One family need that quickly came to the fore was child care. Many parents also said they were “missing a sense of community” in the school, and they expressed the desire to meet other families and participate in school activities.

Another top concern was for the school curriculum to be more multilingual and reflective of the children’s cultural origins. Parents wanted their children to see themselves reflected in lessons and readings and didn’t want their children to completely lose their cultural identities.

Using this feedback, both Oak View and Wheaton Woods created new partnerships with local nonprofits and county agencies to address a wide range of student and family needs.

“Since we started on the community schools approach, we’ve developed more than 30 partnerships,” Harris said. Among the partners are local nonprofit organizations that provide dental care, vision screening, child care, assistance with housing, and a partnership with Dolly Parton’s Imagination Library that provides Wheaton Woods families with free books for early readers, “so families have their home libraries even before their children come to school,” Harris said.

A Revelation[edit | edit source]

None of this is to say that adopting the community schools approach has not come with some uncomfortable change and ambiguity.

Montgomery County educators caution that listening to parents and responding with relevant programs and services is not enough—that along with adopting this way of addressing family needs, there also needs to be a change in leadership philosophy that departs from the traditional ways that policymakers and educators have chosen to address the impact of poverty in education.

A revelation Harris had early on in his school’s implementation of the community schools approach was that he realized his leadership style was “ill-suited to the approach,” he said. “I had this blind spot that I thought I alone knew what’s best, and what I realize now is that it’s impossible for me to always know how to lead.”

He also realized that he had to work hard to ensure all the school’s staff, including teachers, understood and were committed to family involvement in all aspects of the school.

“We want families in meetings to actually determine priorities and make decisions. That takes getting used to.”

During her union’s contract negotiations with the district, Martin noted that MCEA had called for the creation of school-based councils made up of teachers and parents that would have some decision-making authority on school policies and programs. The idea was “shot down,” by the district, according to Martin. “Central leadership has a tendency to say, ‘We know what’s best,’” she said.

Also, because the district was so early in its implementation of the community schools approach, and because of interruptions posed by the COVID pandemic, none of the sources Our Schools spoke with in Montgomery County could point to any data indicating whether or not the approach is having a positive impact on narrowing the district’s deep education inequities.

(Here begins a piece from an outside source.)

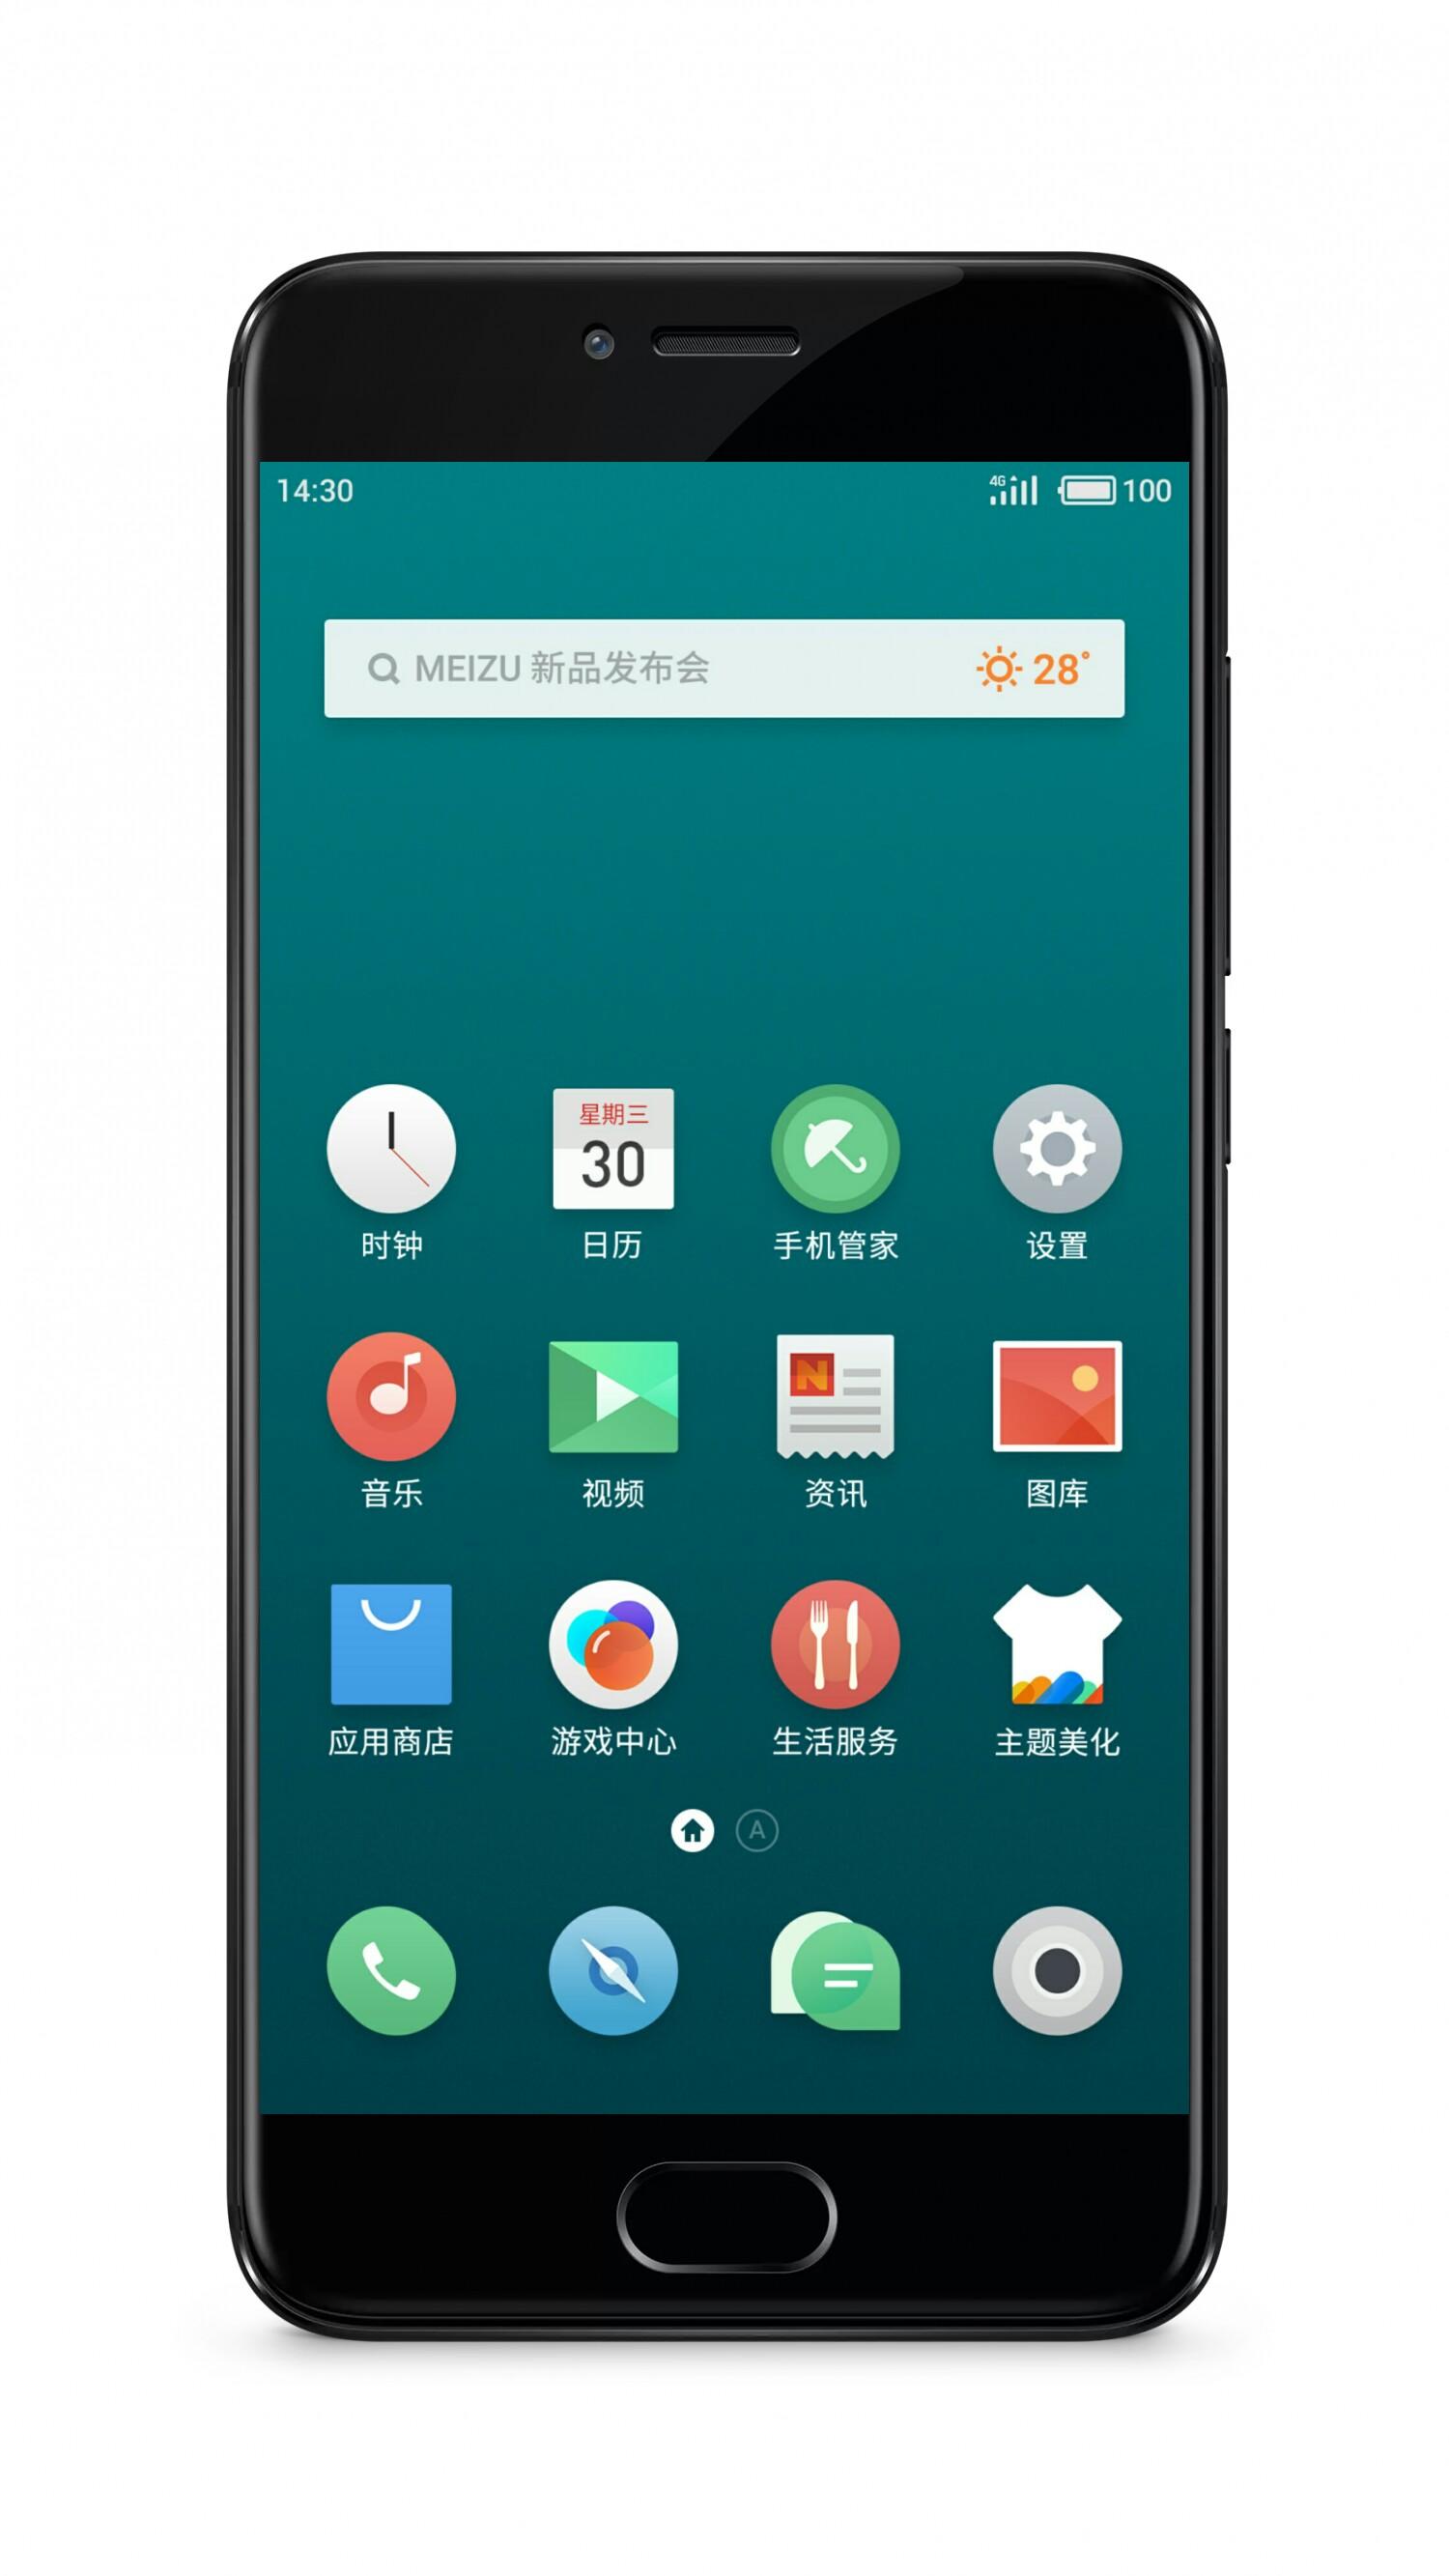 Meizu Pro 7 preview 2.jpg

Nevertheless, Castro felt confident the evidence would eventually be there. “I can’t wait to see the result of our efforts on the data side,” she said.

Although Harris left his position at Wheaton Woods to write a book and build up his nonprofit work, he confidently predicted that the programs and services he helped put in place at the school would continue, and the school would turn more of its attention to measuring and evaluating the impact of its community schools approach. He was confident that after three to five years of using the approach, better results would be there.

Certainly, if Montgomery County schools intends to have any real prospect of narrowing its chronic achievement inequities, the district needs to retain parents like Tiffany Allen and her husband—parents of African American children who are full-time professionals, relatively affluent, and highly engaged with their children’s education. The community schools approach has been helping these schools do that.